- AIM OF THE EXERCISE
Reproduce the listing exactly. Omit pictures.

- INFORMATION SHOWN
====

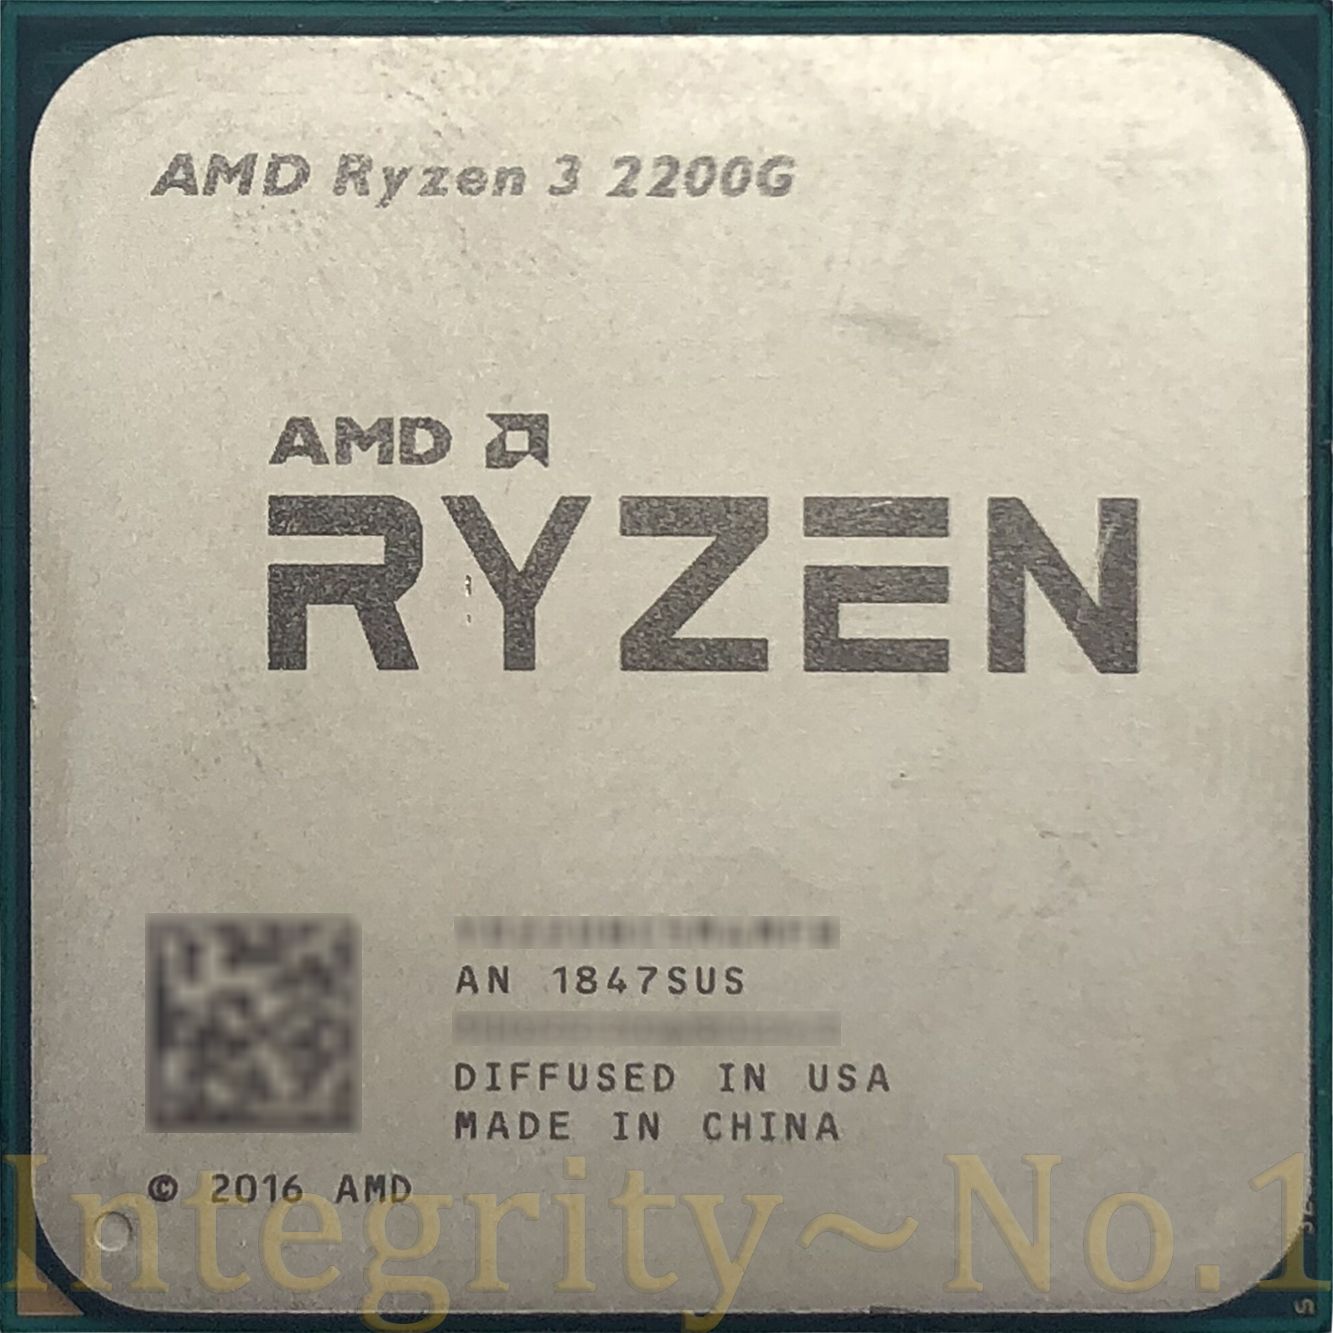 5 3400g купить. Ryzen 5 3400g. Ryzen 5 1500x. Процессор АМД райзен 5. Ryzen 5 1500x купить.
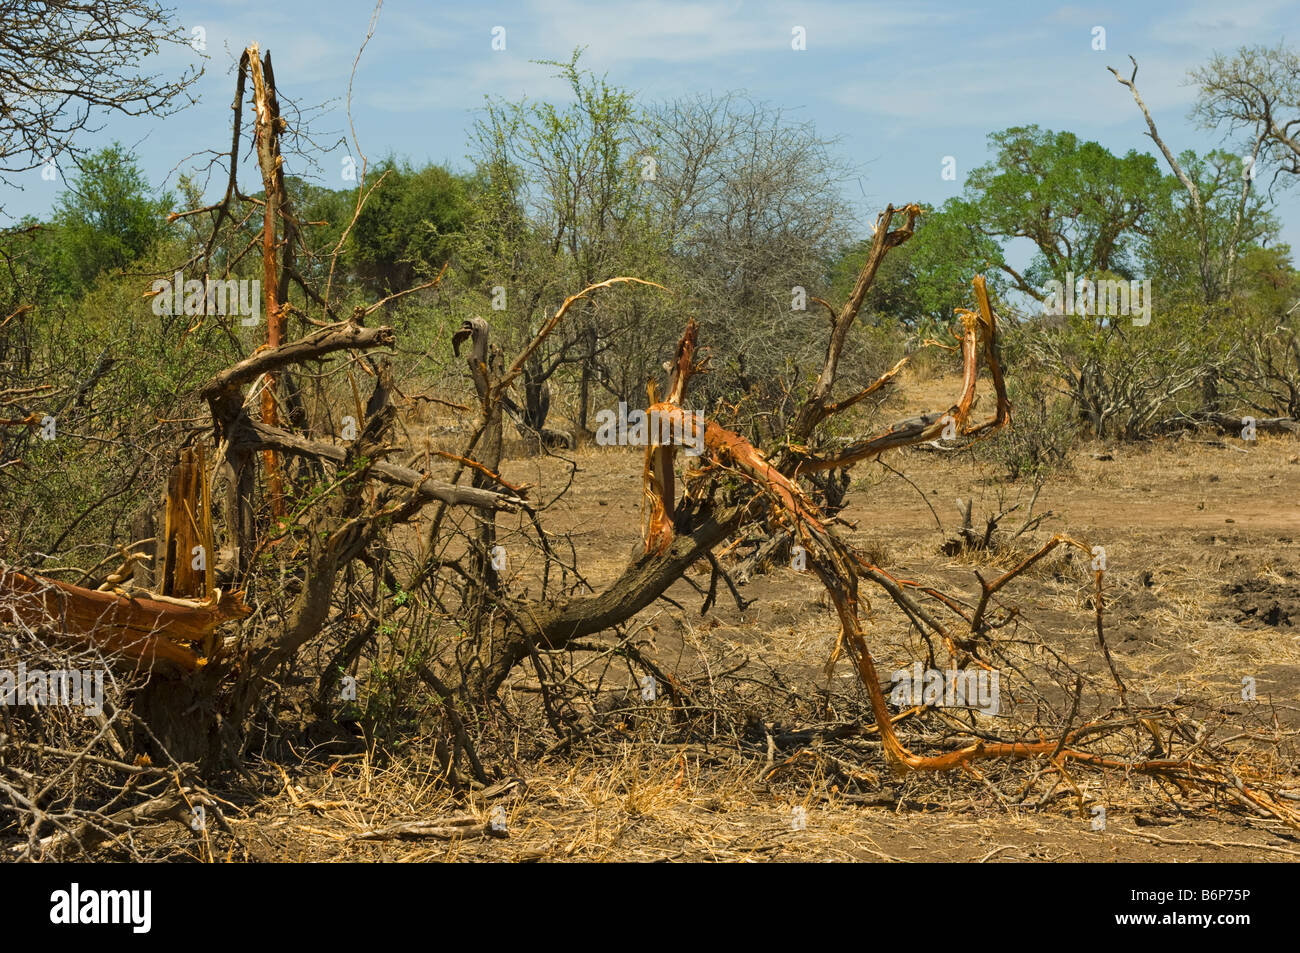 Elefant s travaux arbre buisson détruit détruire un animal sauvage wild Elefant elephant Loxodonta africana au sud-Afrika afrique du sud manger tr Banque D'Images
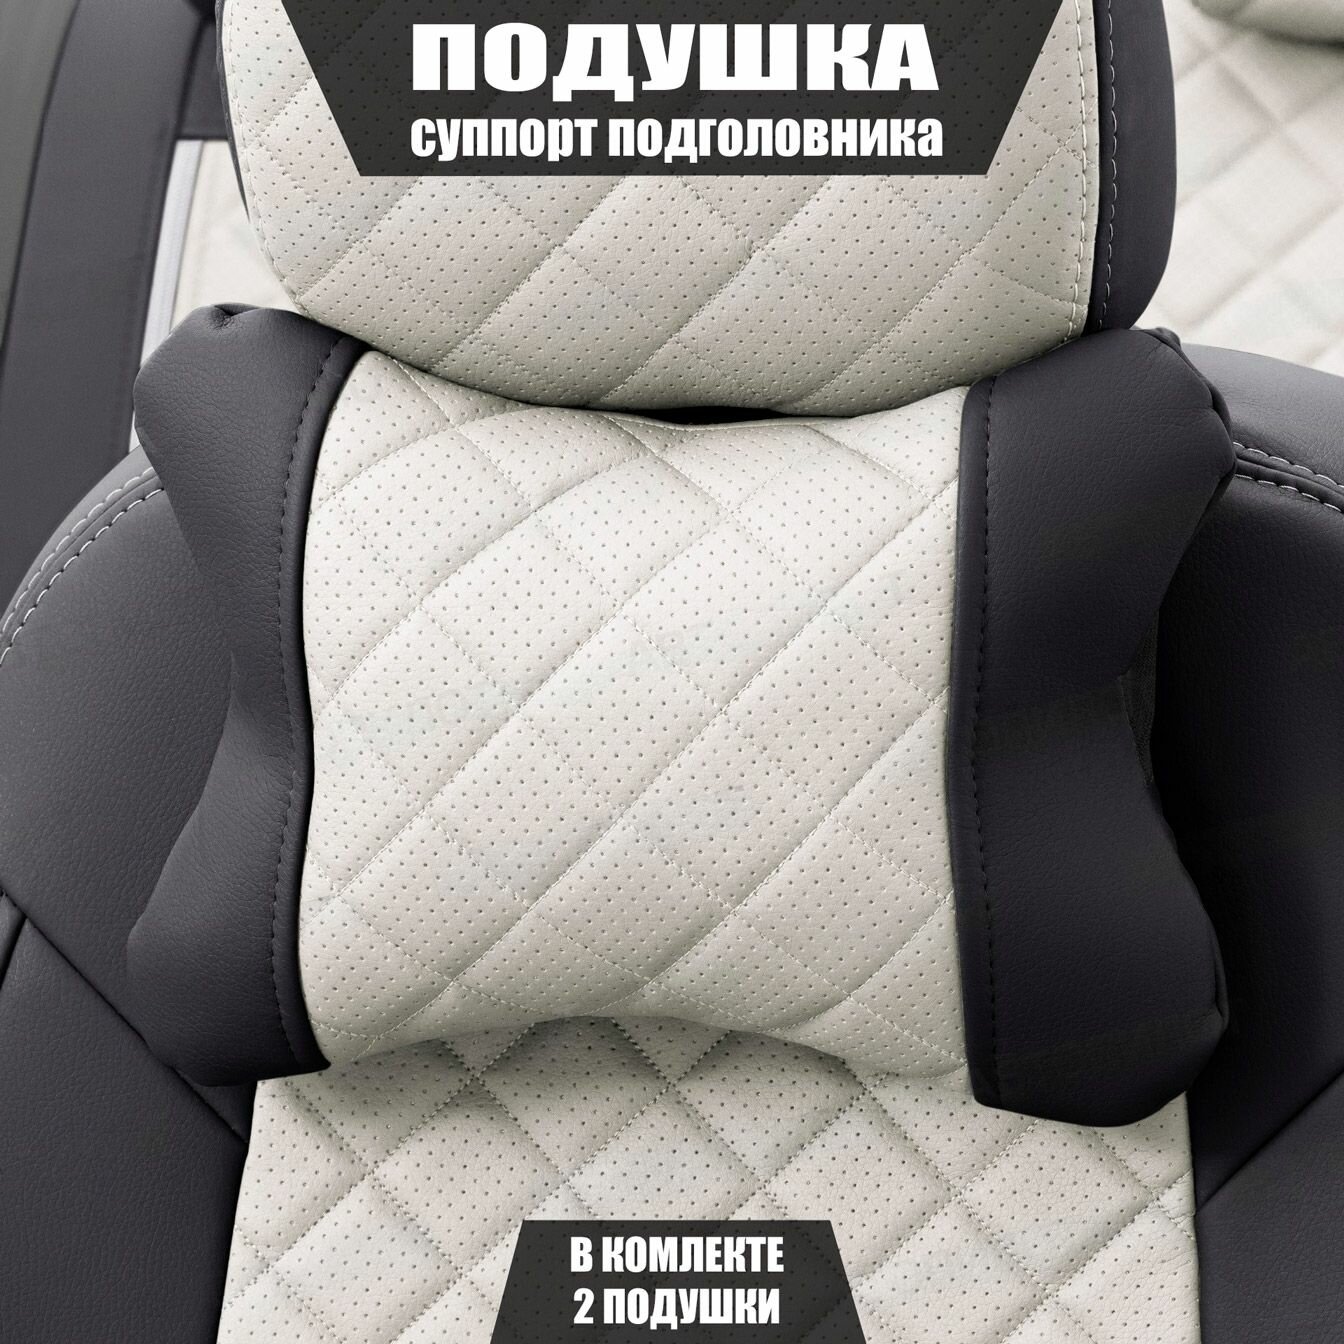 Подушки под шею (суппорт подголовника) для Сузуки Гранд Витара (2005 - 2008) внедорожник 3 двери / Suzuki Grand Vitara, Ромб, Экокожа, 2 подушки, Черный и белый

====

- ANSWER TO THE EXERCISE
 5 3400g купить. Ryzen 5 3400g. Ryzen 5 1500x. Процессор АМД райзен 5. Ryzen 5 1500x купить.
 Elefant s travaux arbre buisson détruit détruire un animal sauvage wild Elefant elephant Loxodonta africana au sud-Afrika afrique du sud manger tr Banque D'Images
 Подушки под шею (суппорт подголовника) для Сузуки Гранд Витара (2005 - 2008) внедорожник 3 двери / Suzuki Grand Vitara, Ромб, Экокожа, 2 подушки, Черный и белый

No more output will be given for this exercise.